MODEL_SAVE_DIR ='rubert-v3'

### Загрузка датасета и его предобработка

In [3]:
dataset = load_dataset(DATASET_NAME)

In [4]:
dataset

DatasetDict({
    train: Dataset({
        features: ['id', 'title', 'context', 'question', 'answers'],
        num_rows: 45328
    })
    validation: Dataset({
        features: ['id', 'title', 'context', 'question', 'answers'],
        num_rows: 5036
    })
    test: Dataset({
        features: ['id', 'title', 'context', 'question', 'answers'],
        num_rows: 23936
    })
})

In [5]:
tokenizer = AutoTokenizer.from_pretrained(MODEL_NAME)

In [6]:
def preprocess_data(examples, tokenizer, is_test=False, max_length=384, stride=128):
    questions = [q.strip() for q in examples['question']]
    
    inputs = tokenizer(
        questions,
        examples["context"],
        max_length=max_length,
        truncation="only_second",
        stride=stride,
        return_overflowing_tokens=True,
        return_offsets_mapping=True,
        padding="max_length",
    )
    
    answers = examples["answers"]
    if is_test:
        offset_mapping = inputs["offset_mapping"]
        example_ids = []
    else:
        offset_mapping = inputs.pop("offset_mapping")
    sample_map = inputs.pop("overflow_to_sample_mapping")
    start_positions = []
    end_positions = []

    for i in range(len(inputs["input_ids"])):
        sample_idx = sample_map[i]
        answer = answers[sample_idx]
        offset = offset_mapping[i]
        sequence_ids = inputs.sequence_ids(i)

        if is_test:
            example_ids.append(examples["id"][sample_idx])
            inputs["offset_mapping"][i] = [
                o if sequence_ids[k] == 1 else None for k, o in enumerate(offset)
            ]

        if len(answer['answer_start'])==0:
            start_positions.append(0)
            end_positions.append(0)
            continue
        
        start_char = answer["answer_start"][0]
        end_char = answer["answer_start"][0] + len(answer["text"][0])
        
        idx = 0
        while sequence_ids[idx] != 1:
            idx += 1
        context_start = idx
        while sequence_ids[idx] == 1:
            idx += 1
        context_end = idx - 1

        if offset[context_start][0] > start_char or offset[context_end][1] < end_char:
            start_positions.append(0)
            end_positions.append(0)
        else:
            idx = context_start
            while idx <= context_end and offset[idx][0] <= start_char:
                idx += 1
            start_positions.append(idx - 1)
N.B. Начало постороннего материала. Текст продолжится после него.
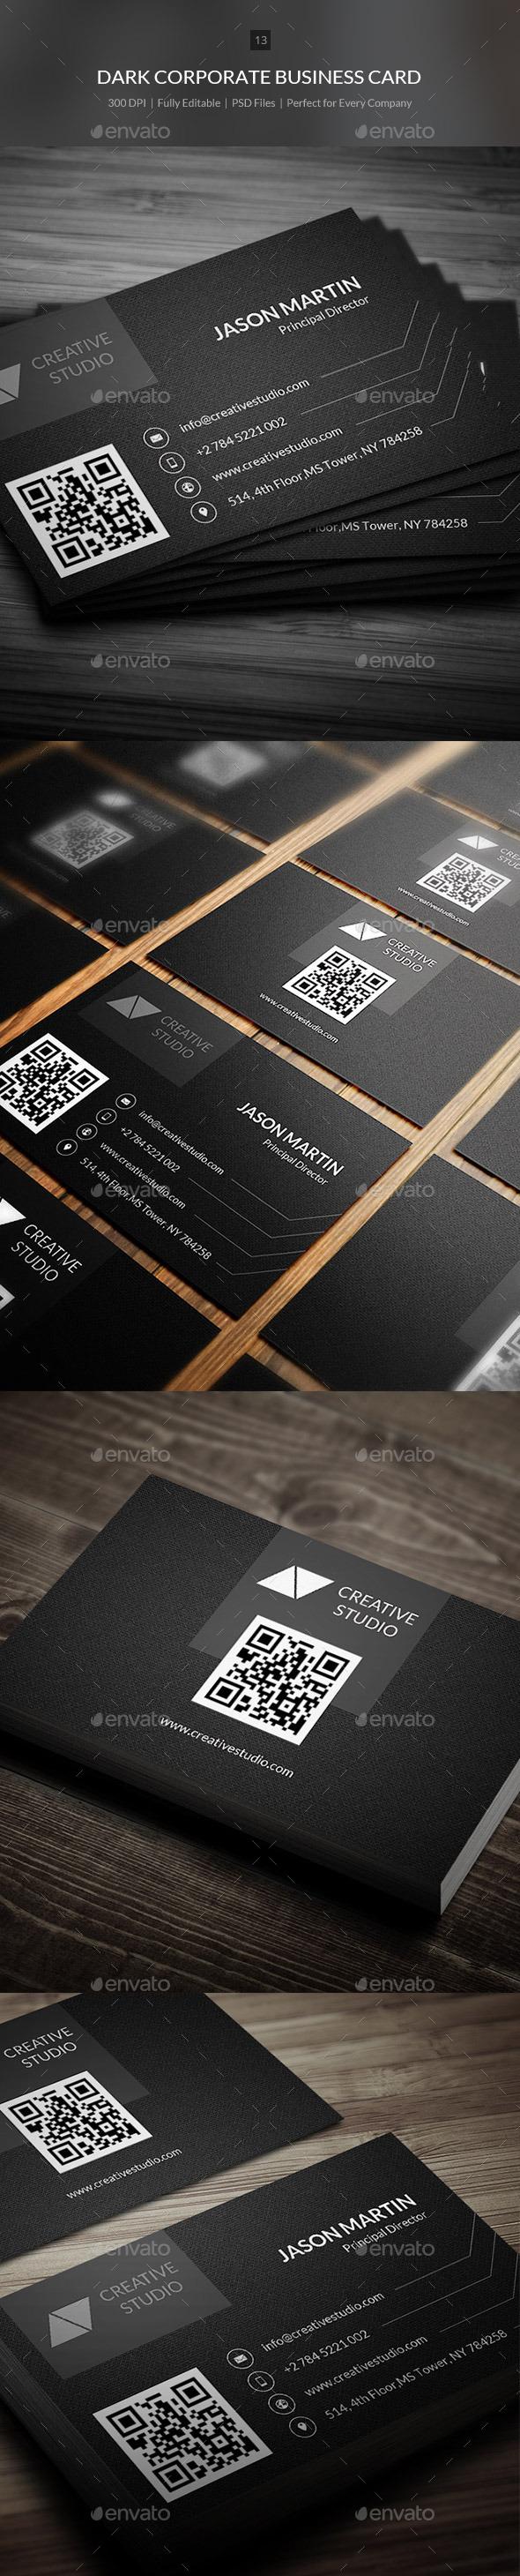 Dark Corporate Business Card - 13 - Corporate Business Cards

            idx = context_end
            while idx >= context_start and offset[idx][1] >= end_char:
                idx -= 1
            end_positions.append(idx + 1)
            
    inputs["start_positions"] = start_positions
    inputs["end_positions"] = end_positions
    if is_test:
        inputs["example_id"] = example_ids
    return inputs

In [7]:
dataset_train = dataset['train'].map(
    preprocess_data,
    batched=True,
    remove_columns=dataset['train'].column_names,
    fn_kwargs = {
        'tokenizer': tokenizer,
    }
)

In [8]:
dataset_train

Dataset({
    features: ['input_ids', 'token_type_ids', 'attention_mask', 'start_positions', 'end_positions'],
    num_rows: 45544
})

In [9]:
dataset_val = dataset['validation'].map(
    preprocess_data,
    batched=True,
    remove_columns=dataset['validation'].column_names,
    fn_kwargs = {
        'tokenizer': tokenizer,
        'is_test': True,
    }
)

Map:   0%|          | 0/5036 [00:00<?, ? examples/s]

In [10]:
dataset_train.set_format("torch")

dataset_val_formatted = dataset_val.remove_columns(["example_id", "offset_mapping"])
dataset_val_formatted.set_format("torch")

In [11]:
dataloader_train = DataLoader(
    dataset_train,
    shuffle=True,
    collate_fn=default_data_collator,
    batch_size=16
)

dataloader_val = DataLoader(
    dataset_val_formatted,
    collate_fn=default_data_collator,
    batch_size=16
)

### Определение функций для оценки тренировки модели

In [12]:
def format_predictions(start_logits, end_logits, inputs, examples, n_best=20, max_answer_length=30):
    assert n_best <= len(inputs['offset_mapping'][0]), 'n_best cannot be larger than max_length'
    
    example_to_inputs = collections.defaultdict(list)
    for idx, feature in enumerate(inputs):
        example_to_inputs[str(feature["example_id"])].append(idx)
    
    predicted_answers = []
    for example in tqdm(examples):
        example_id = str(example["id"])
        context = example["context"]
        answers = []
        
        for feature_index in example_to_inputs[example_id]:
            start_logit = start_logits[feature_index]
            end_logit = end_logits[feature_index]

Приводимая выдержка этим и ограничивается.